2 I.M. Sechenov First Moscow State Medical University (Sechenov University), Moscow, Russian Federation

UDC 616-082:616-001:616.36

Pp. 61-63

USE OF INNOVATIVE TECHNOLOGIES IN THE TREATMENT OF PATIENTS WITH SEVERE CONCOMITANT INJURY WITH LIVER DAMAGE: CLINICAL OBSERVATION

A.E. Voynovsky, I.A. Semenenko, A.S. Kuptsov

Abstract. Liver injury is one of the most common abdominal injuries in patients with severe trauma.

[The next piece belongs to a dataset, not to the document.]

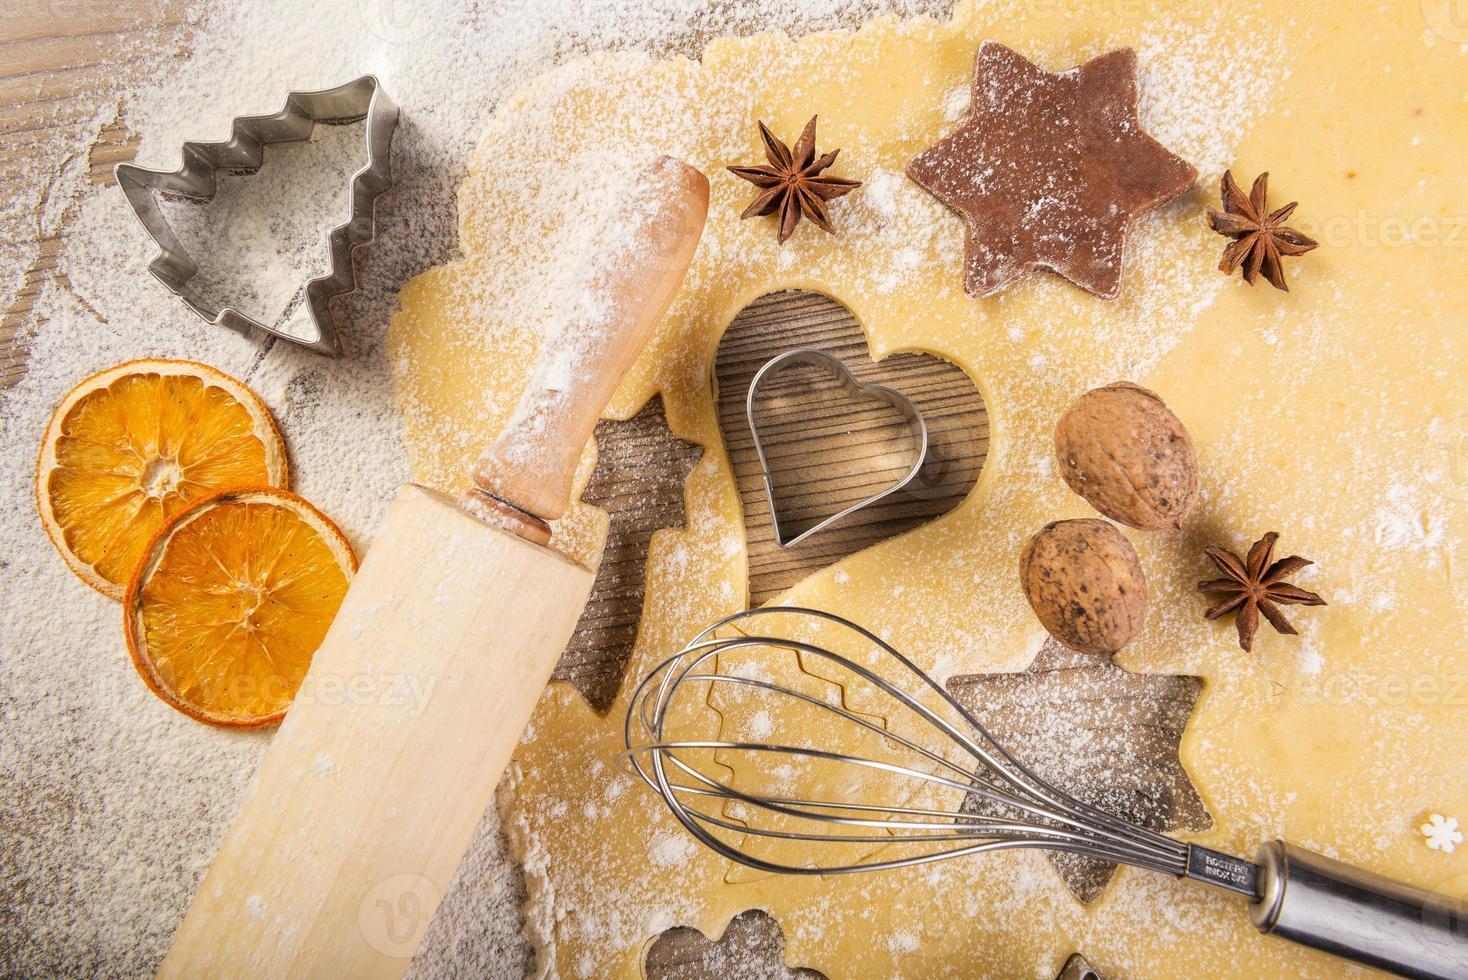 Christmas baking, cookies, rolling pin, mixer, photo

A total of 2988 patients with concomitant injuries were treated at the city clinical hospital named after S.S. Yudin during the period from 2010 to 2020, of which 371 (12.4%) were found to have closed abdominal trauma. Damage to the liver was revealed in 124 (33.4%) patients with closed abdominal trauma. The number of discharged patients was 78 (62,9%), lethal outcome — 46 patients (37,1%). The severity of injury according to ISS was (38,1±11,3) points. The development of innovative multimodal approaches, such as endovascular trauma and bleeding management (EVTM), as well as damage control tactics have significantly increased the likelihood of nonoperative treatment for individual patients.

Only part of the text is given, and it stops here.